Additional benefits of teaching the practical aspects of RT using VR include the ability to have each student with a headset use the VR X-ray room at the same time, change and reposition parts without the need for special lifting equipment, and the ability to change the radiographic source between various X-ray levels, including gamma isotopes such as iridium.


A benefit of teaching the practical aspects of radiography using VR includes the ability to change the radiographic source between various X-ray levels, including gamma isotopes such as iridium.

Additional benefits of teaching the practical aspects of radiography using VR include the ability to have each student with a headset use the VR X-ray room at the same time, change and reposition parts without the need for special lifting equipment, and the ability to change the radiographic source between various X-ray levels, including gamma isotopes such as iridium.

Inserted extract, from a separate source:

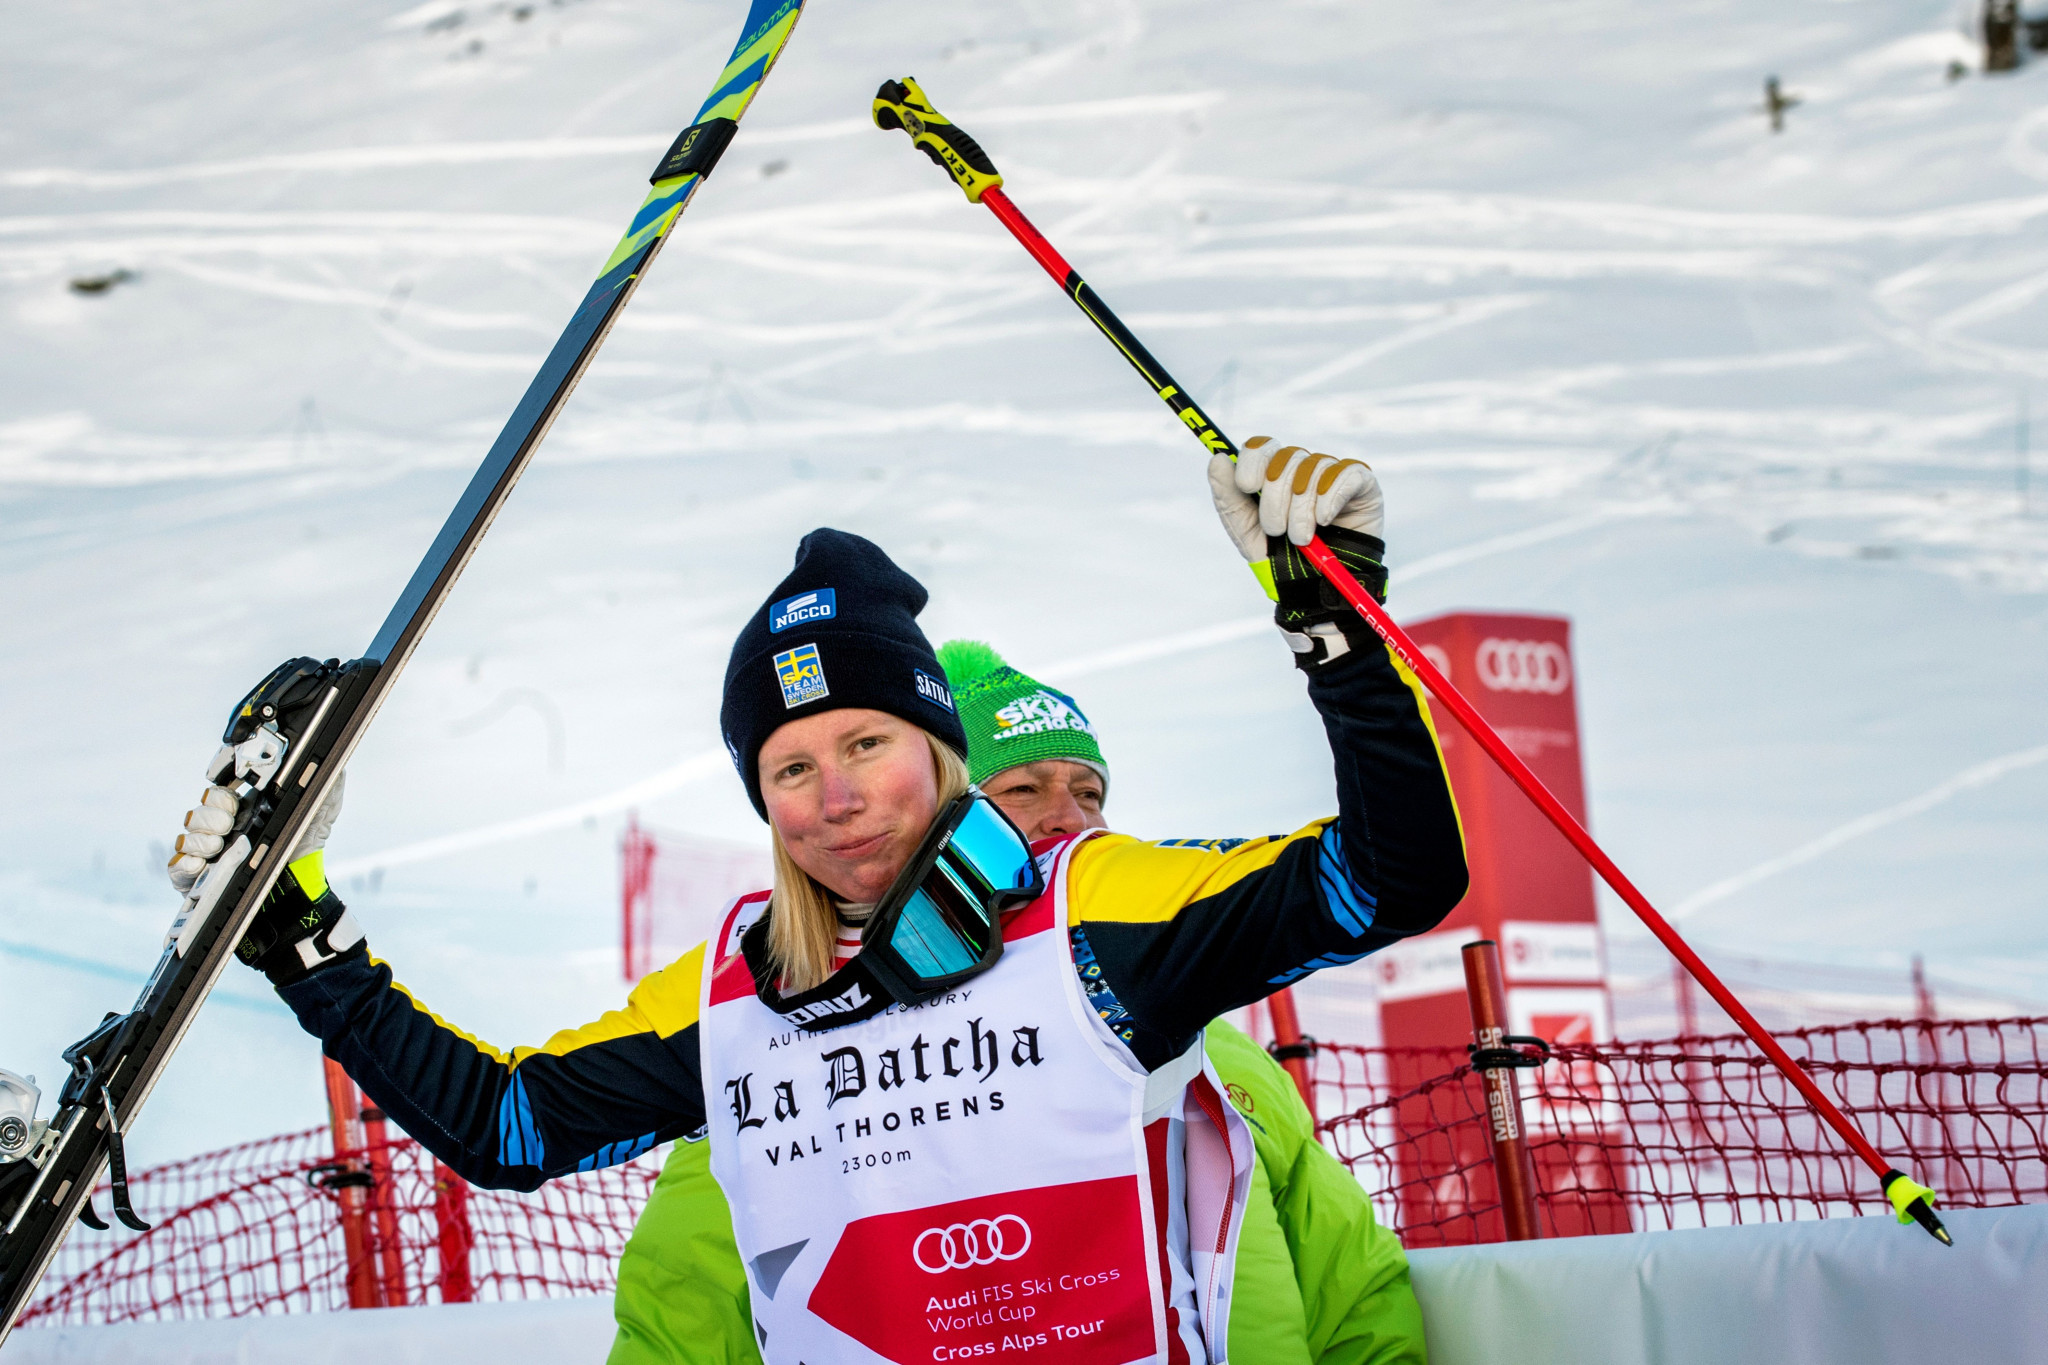 Competition favourite Näslund claims ski cross gold on home snow

While VR cannot replace taking an X-ray shot in the real world, it can go a long way toward augmenting training so that by the time a student takes their first real life radiograph, they have a much better understanding of how to set up a good shot.

As computing power increases, virtual reality improves, and smart phones become ever more multifunctional, new simulator options will evolve that further blend the line between hands-on and computer-based learning. While the systems discussed in this article are those that run on a laptop, it is possible that in the near future such systems could be powered via the web to share a large database of examples. Another interesting feature could be including random defect positioning so that one virtual mock-up exercise actually corresponds to a set of different situations.

One thing is sure, ideas that people once only dreamed about are becoming a reality.